At the same time there’s been nothing so devastating to cope with as the frost of 2017, and although the ferocious hail storm at the end of May affected 7,000ha of vines, mainly in southern Médoc, Bourg and Blaye, more than 90% of the Bordeaux vineyard escaped.
At Prieuré Lichine, where they lost 100% of their white crop last year due to frost, technical director Etienne Charrier is feeling confident about the quality of the white grapes that have come into the cellar. ‘Great aromatics in the juice so far, and beautiful balance overall’.
In Pauillac they would ideally like another three to four weeks of dry weather for the Cabernet Sauvignon to fully ripen, according to Claire Villars Lurton at Haut-Bages Libérale, but the vast majority of Merlot is well underway – at Petrus over in Pomerol, at Canon and Troplong Mondot in Saint Emilion, at Mouton up in Pauillac, and at Prieuré Lichine and Rauzan Gassies in Margaux.
The regular ripeness tests carried out by the Chamber of Agriculture found at the end of last week that all their Merlot test plots are now showing ripeness of pips as well as fruit, with grilled and hazelnut notes on tasting, although the Cabernets remain slightly astringent.
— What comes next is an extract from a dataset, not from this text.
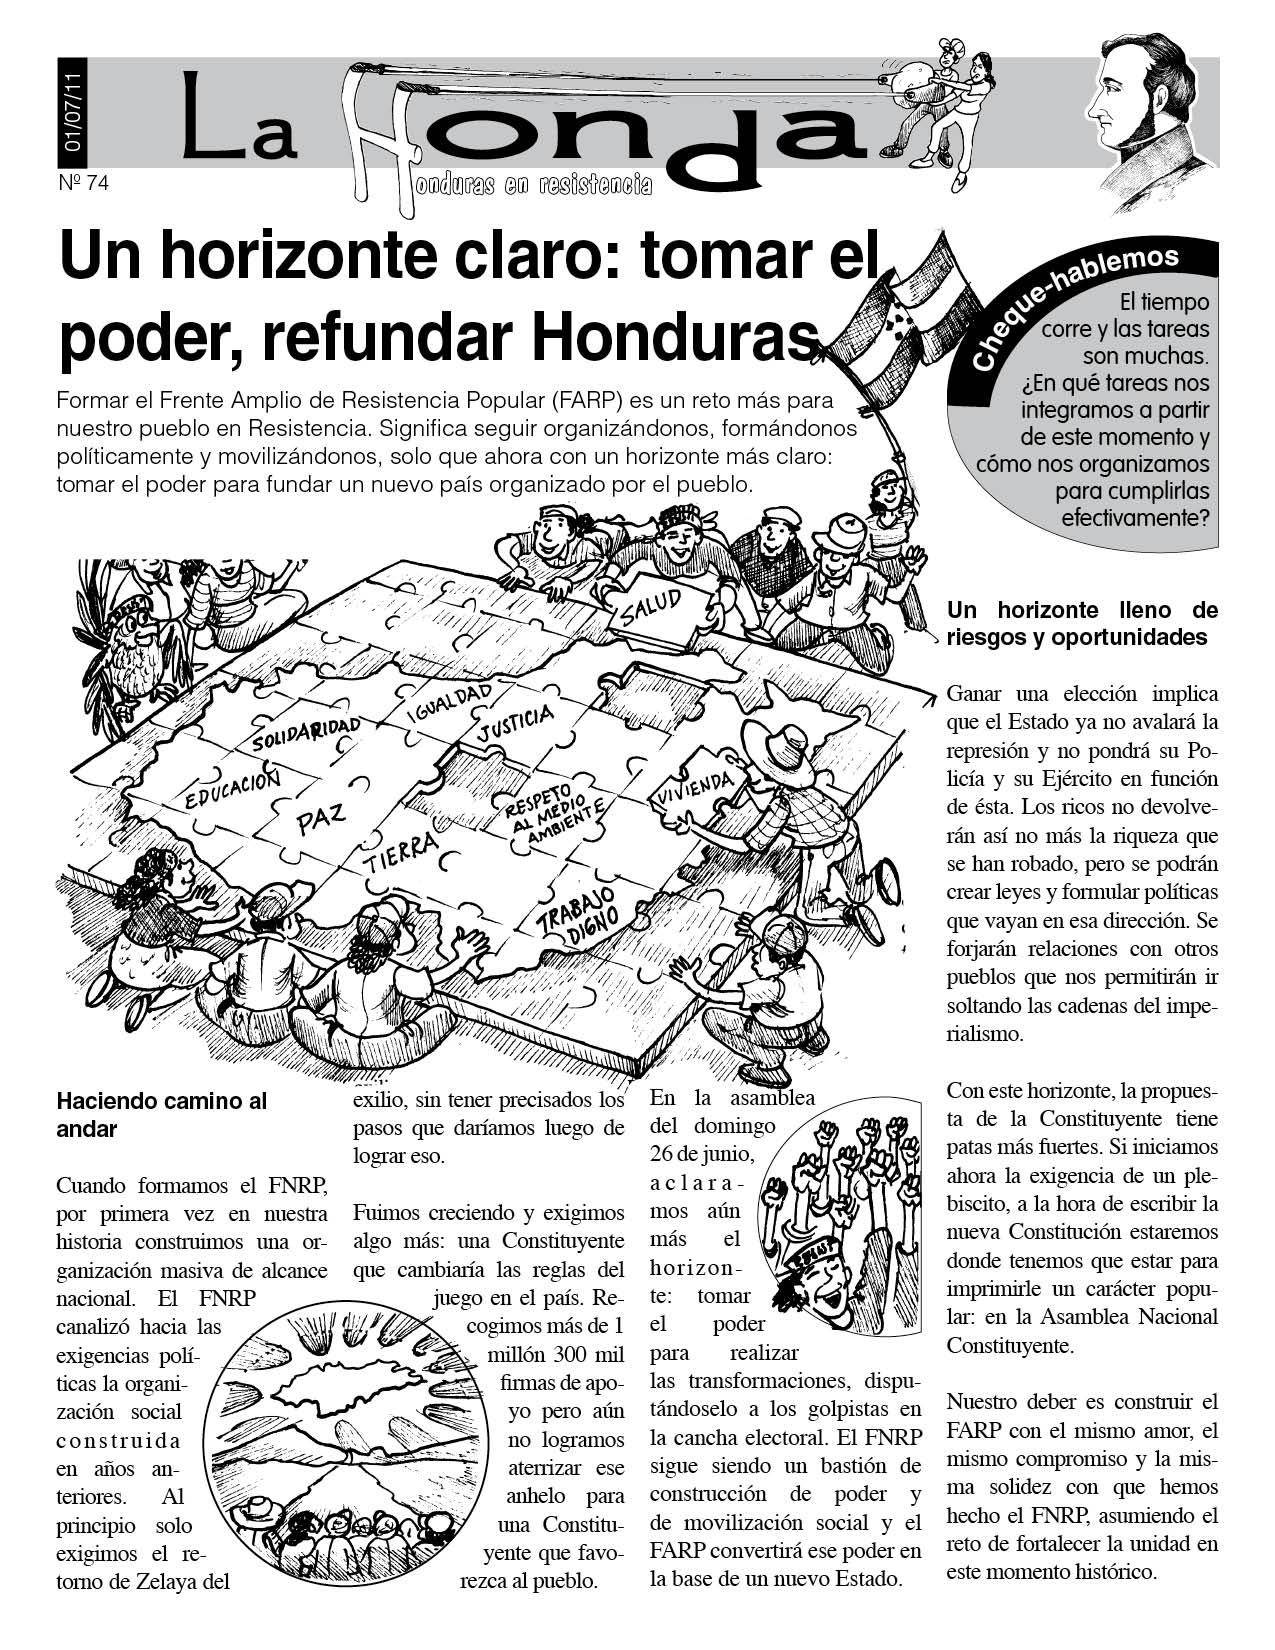 La Honda 74: Un horizonte claro: tomar el poder, refundar Honduras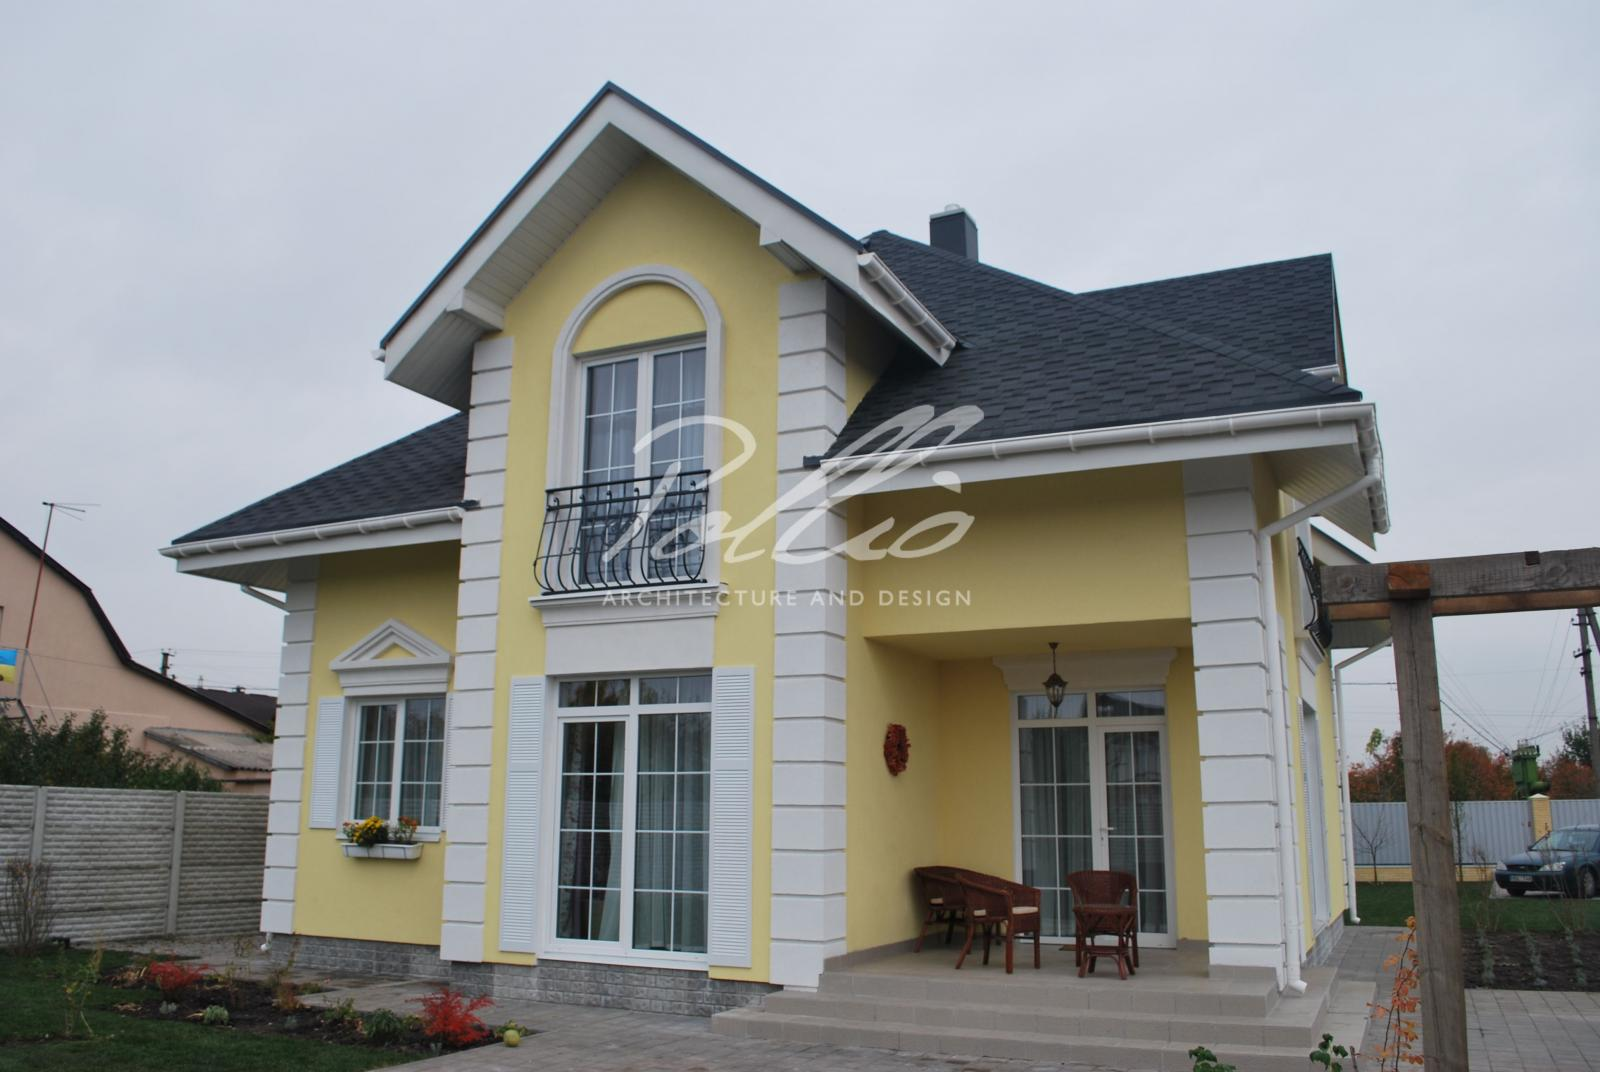 X2a Классический проект мансардного дома в стиле Прованс фото 4

The long range forecast for the weather is good. All of which, you’ll be relieved to hear, means that the Bordelais are starting to dare to join in with the rest of France with their quality proclamations…
‘The end of season has seen high but not scorching temperatures that promise excellent levels of ripeness,’ says the Oenoteam official assessment this week. ‘The recent rain showers together with cool night-time temperatures have brought about aromatic and polyphenolic synthesis both in terms of quantity and quality. These features are commonly found in great hallmark Bordeaux vintages, such as the 1990 and even the 2010’.